Work instructions. Omit the pictures and reproduce the rest of the listing exactly.

Supplied material.
________________________

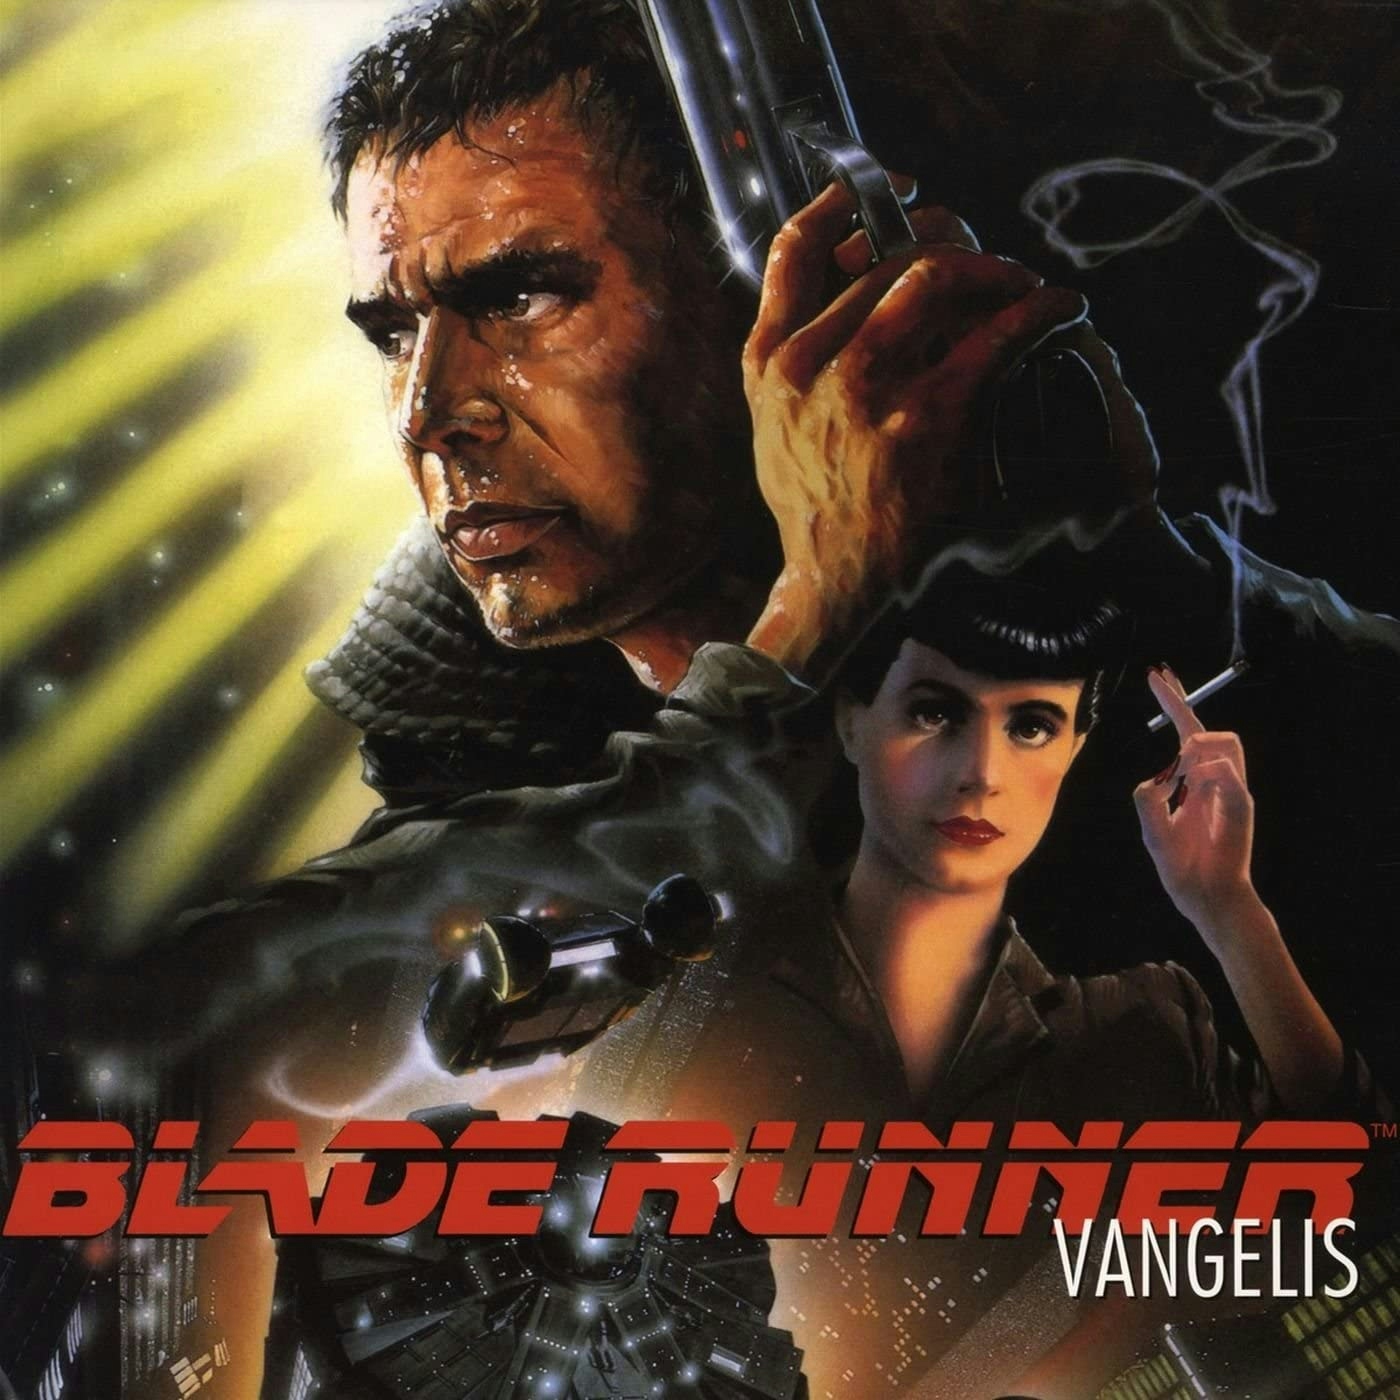 Album artwork for Blade Runner OST by Vangelis
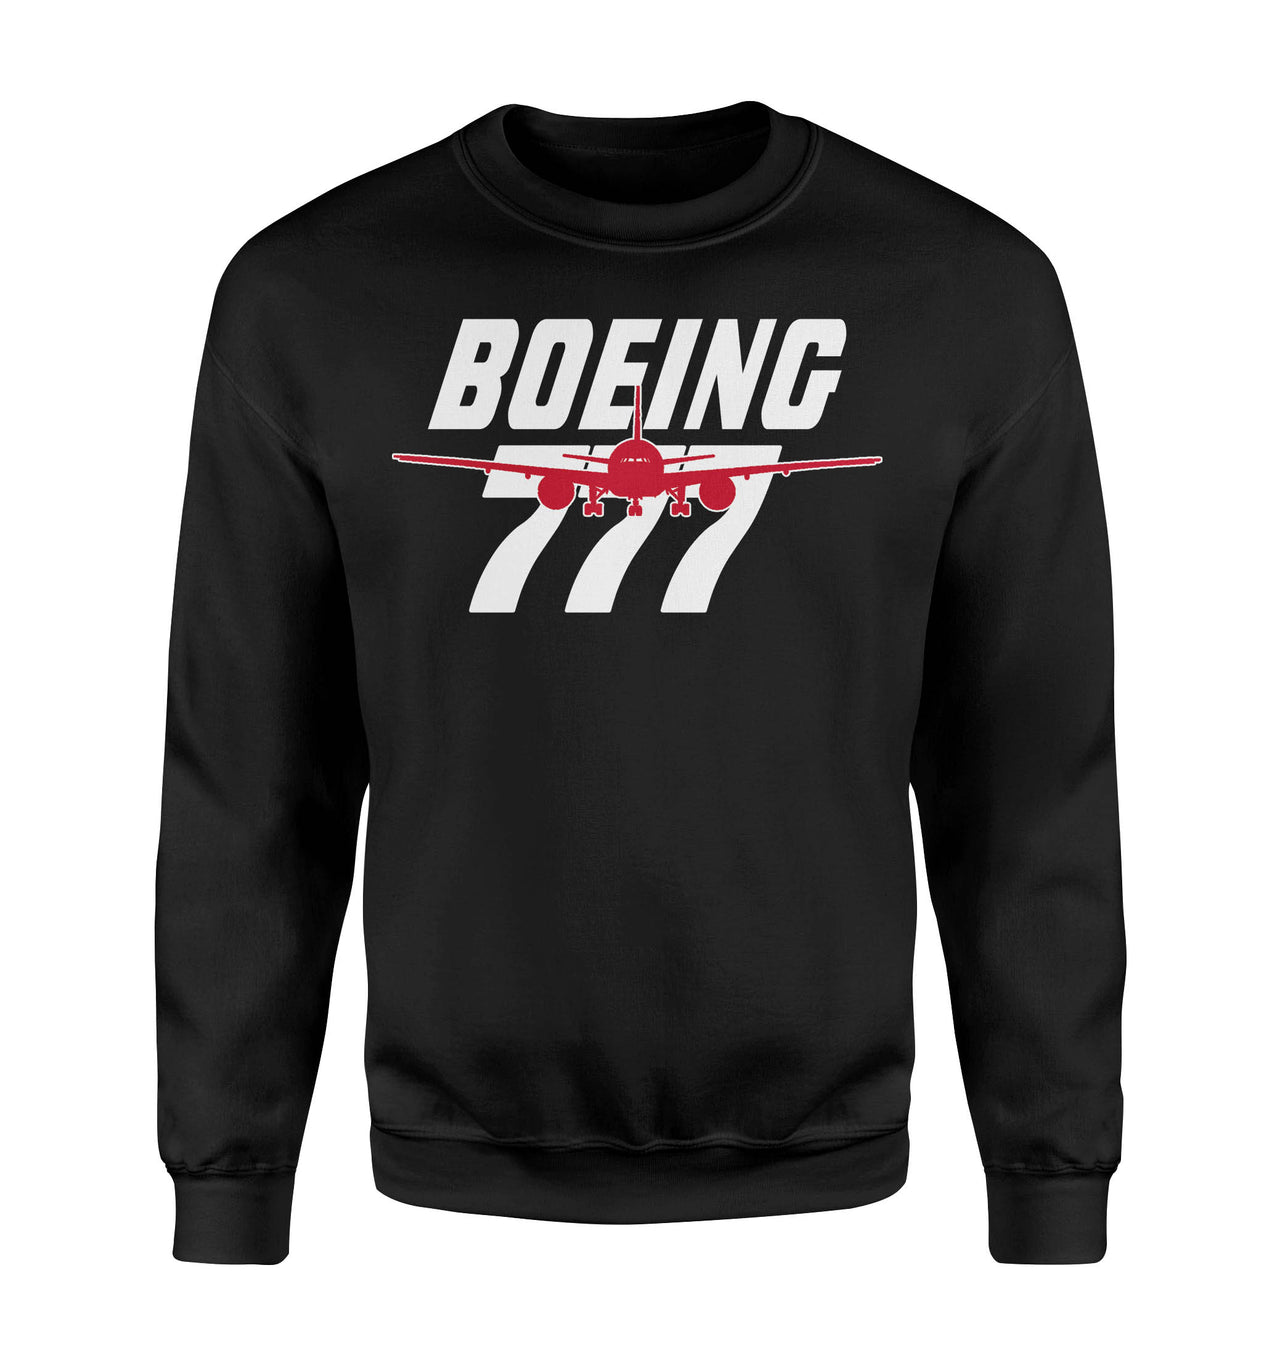 Amazing Boeing 777 Designed Sweatshirts
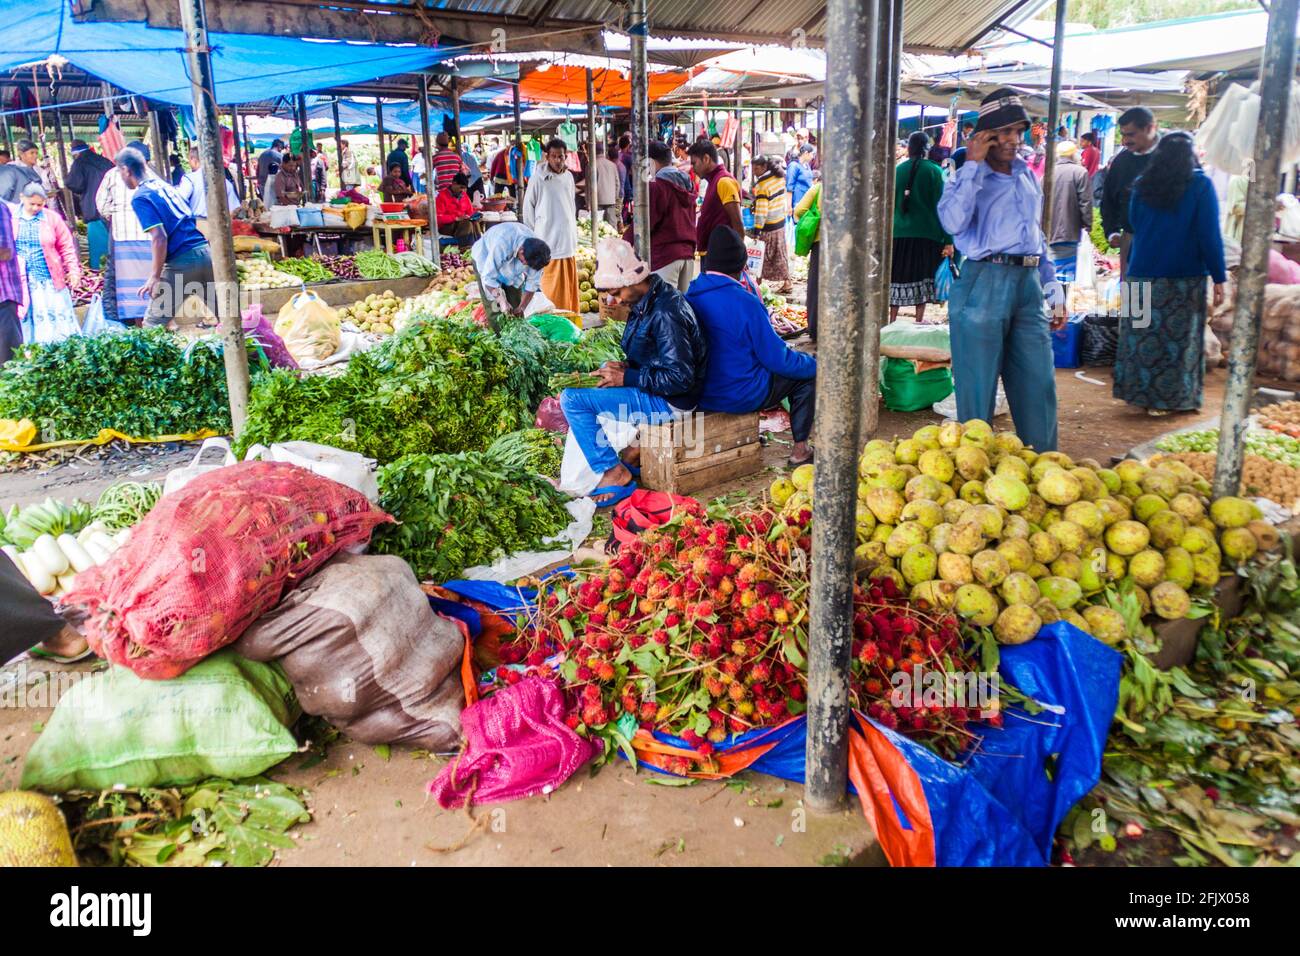 NUWARA  ELIYA, SRI LANKA - JULY 17, 2016: People shop at the produce market in Nuwara Eliya town. Stock Photo

________________________

Completed exercise.
 Album artwork for Blade Runner OST by Vangelis
 Amazing Boeing 777 Designed Sweatshirts
 NUWARA  ELIYA, SRI LANKA - JULY 17, 2016: People shop at the produce market in Nuwara Eliya town. Stock Photo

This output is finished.